Posted by Tejun Heo 4 years, 4 months ago

On Wed, Feb 23, 2022 at 10:20:47PM +0100, Marek Szyprowski wrote:
> Hi All,
> 
> On 17.02.2022 12:22, Tetsuo Handa wrote:
> > syzbot found a circular locking dependency which is caused by flushing
> > system_long_wq WQ [1]. Tejun Heo commented that it makes no sense at all
> > to call flush_workqueue() on the shared workqueues as the caller has no
> > idea what it's gonna end up waiting for.
> >
> > Although there is flush_scheduled_work() which flushes system_wq WQ with
> > "Think twice before calling this function! It's very easy to get into
> > trouble if you don't take great care." warning message, it will be too
> > difficult to guarantee that all users safely flush system-wide WQs.
> >
> > Therefore, let's change the direction to that developers had better use
> > their own WQs if flushing is inevitable. To give developers time to update
> > their modules, for now just emit a warning message when flush_workqueue()
> > or flush_work() is called on system-wide WQs. We will eventually convert
> > this warning message into WARN_ON() and kill flush_scheduled_work().
> >
> > Link: https://syzkaller.appspot.com/bug?extid=831661966588c802aae9 [1]
> > Signed-off-by: Tetsuo Handa <penguin-kernel@I-love.SAKURA.ne.jp>
> 
> This patch landed in linux next-20220222 as commit 4a6a0ce060e4 
> ("workqueue: Warn flush attempt using system-wide workqueues"). As it 
> might be expected it exposed some calls to flush work. However it also 
> causes boot failure of the Raspberry Pi 3 and 4 boards (kernel compiled 
> from arm64/defconfig). In the log I see one call from the 
> deferred_probe_initcall(), but it isn't critical for the boot process. 
> The deadlock occurs when DRM registers emulated framebuffer on RPi4. 
> RPi3 boots a bit further, to the shell prompt, but then the console is 
> freezed. Reverting this patch on top of linux-next 'fixes' the boot.

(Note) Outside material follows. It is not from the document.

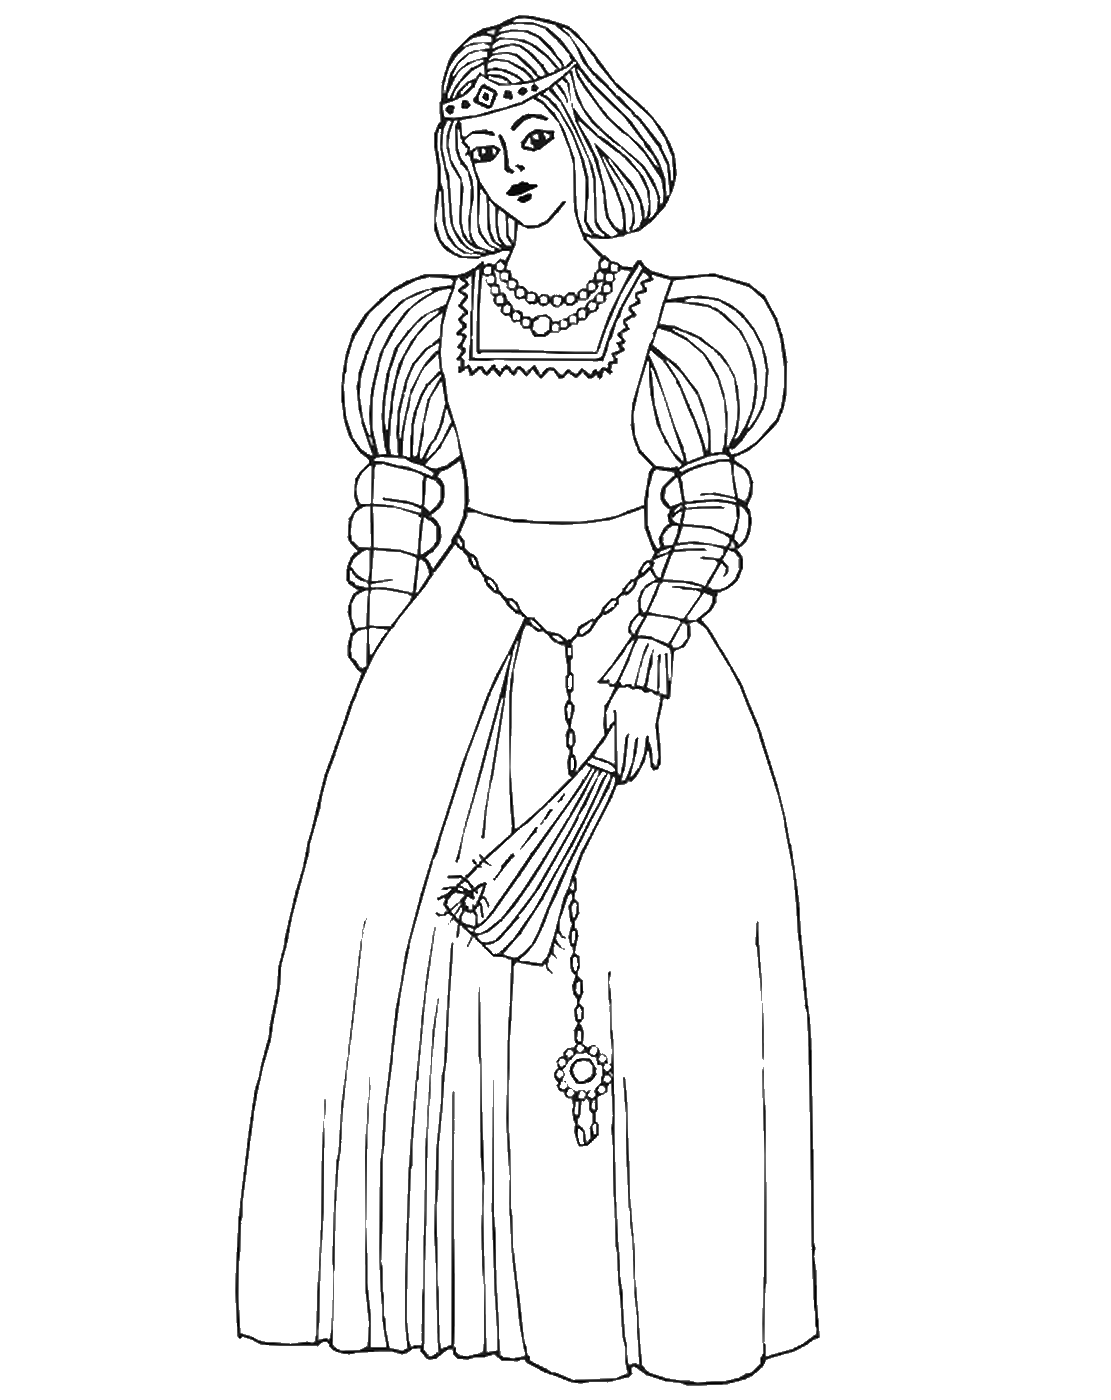 Одежда эпохи средневековья раскраска

Tetsuo, can you please revert the patch? The patch is incorrect in that it's
triggering also on work item flushes, not just workqueue flushes.

Thanks.

-- 
tejun

Re: [PATCH v2] workqueue: Warn flush attempt using system-wide workqueues

Posted by Tetsuo Handa 4 years, 4 months ago

On 2022/02/24 6:35, Tejun Heo wrote:
> Tetsuo, can you please revert the patch? The patch is incorrect in that it's
> triggering also on work item flushes, not just workqueue flushes.

OK. I removed these patches from my tree.